The main objective of this framework is to gather in a same place both the specifications that the data must follow and the code that actually tests the data. This avoids having multiple documents to store the specifications and a repository to store the code.

Installation

This package should be installed using pip:

pip install data-validation-framework

Usage

Building a workflow

Building a new workflow is simple, as you can see in the following example:

import luigi
import data_validation_framework as dvf


class ValidationTask1(dvf.task.ElementValidationTask):
    """Use the class dosctring to describe the specifications of the ValidationTask1."""

    output_columns = {"col_name": None}

    @staticmethod
    def validation_function(row, output_path, *args, **kwargs):
        # Return the validation result for one row of the dataset
        if row["col_name"] <= 10:
            return dvf.result.ValidationResult(is_valid=True)
        else:
            return dvf.result.ValidationResult(
                is_valid=False,
                ret_code=1,
                comment="The value should always be <= 10"
            )


def external_validation_function(df, output_path, *args, **kwargs):
    # Update the dataset inplace here by seting values to the 'is_valid' column.
    # The 'ret_code' and 'comment' values are optional, they will be added to the report
    # in order to help the user to understand why the dataset did not pass the validation.

    # We can use the value from kwargs["param_value"] here.
    if int(kwargs["param_value"]) <= 10:
        df["is_valid"] = True
    else:
        df["is_valid"] = False
        df["ret_code"] = 1
        df["comment"] = "The value should always be <= 10"


class ValidationTask2(dvf.task.SetValidationTask):
    """In some cases you might want to keep the docstring to describe what a developper
    needs to know, not the end-user.
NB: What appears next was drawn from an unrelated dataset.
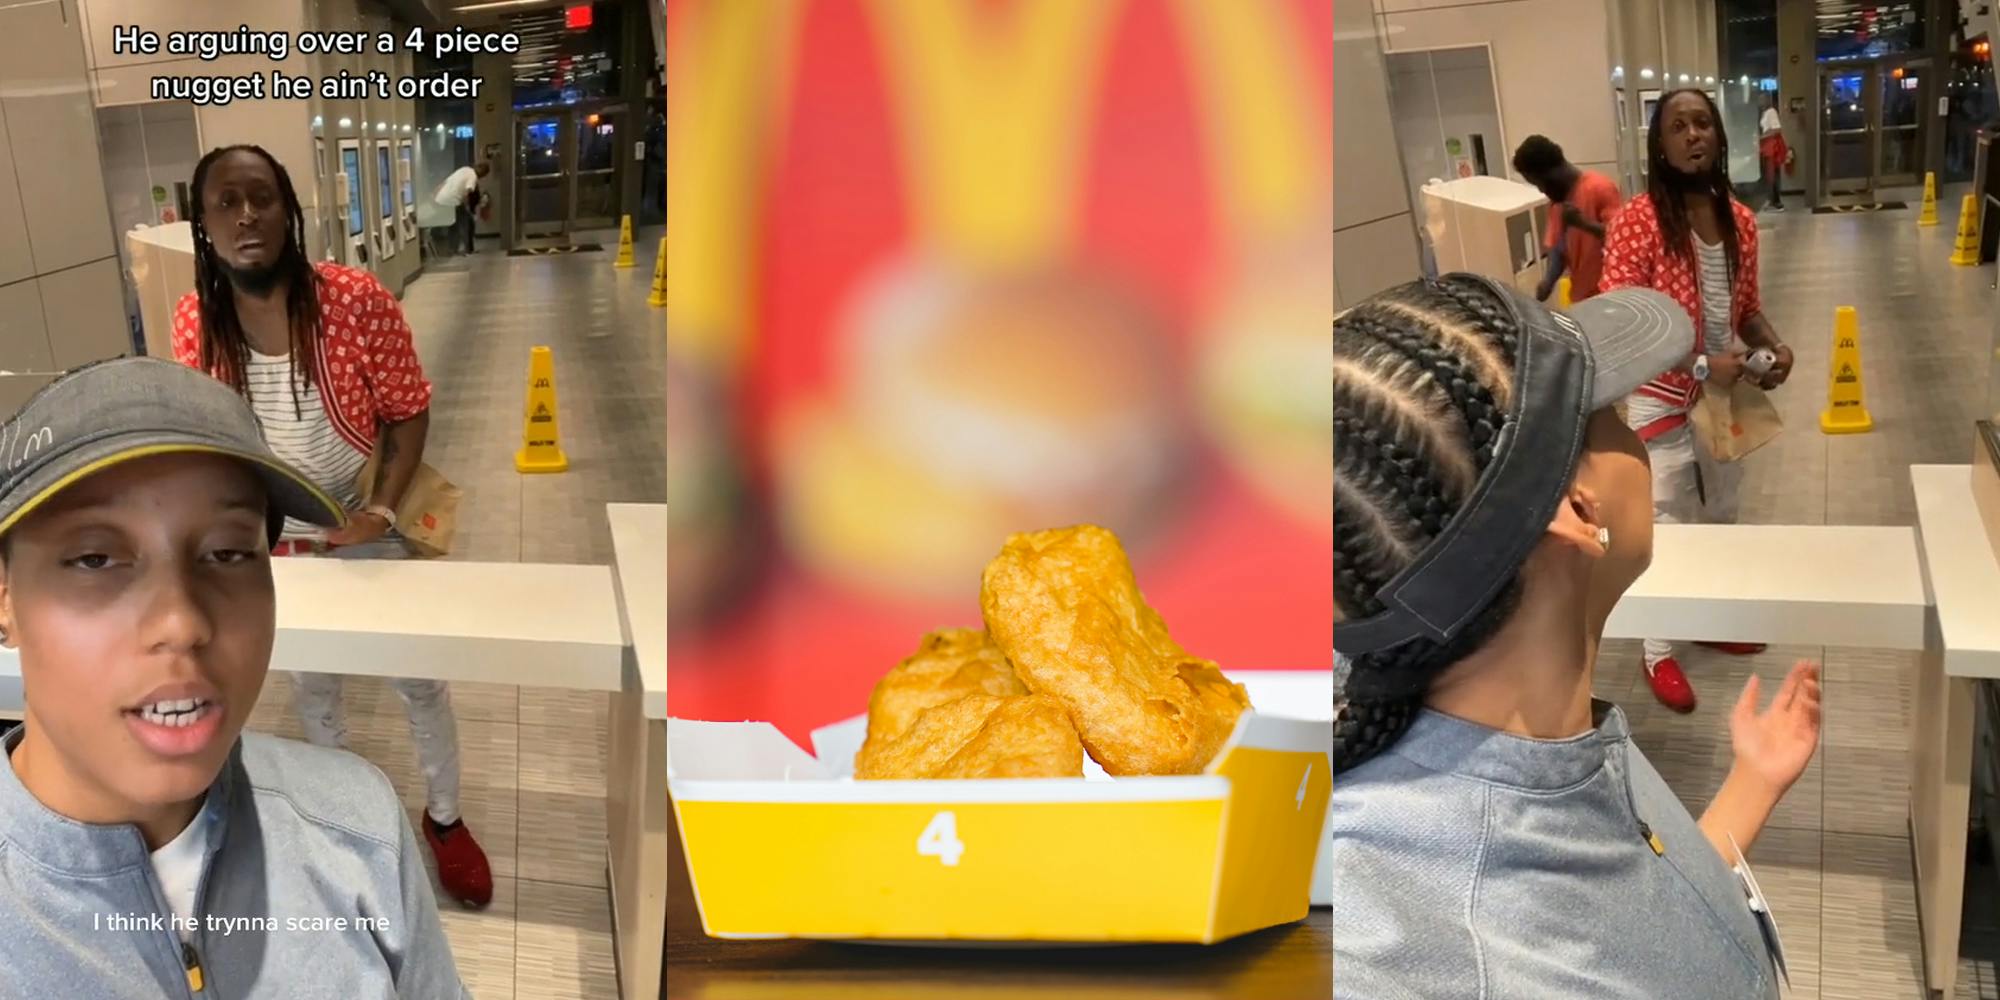 McDonald's employee and customer with caption "he arguing over a 4 piece nugget he ain't order" "I think he trynna scare me" (l) McDonald's 4 piece nuggets in front of blurry background (c) McDonald's employee speaking to customer (r)

In this case, you can use the ``__specifications__``
    attribute to store the specifications."""

    a_parameter = luigi.Parameter()

    __specifications__ = """Use the __specifications__ to describe the specifications of the
    ValidationTask2."""

    def inputs(self):
        return {ValidationTask1(): {"col_name": "new_col_name_in_current_task"}}

    def kwargs(self):
        return {"param_value": self.a_parameter}

    validation_function = staticmethod(external_validation_function)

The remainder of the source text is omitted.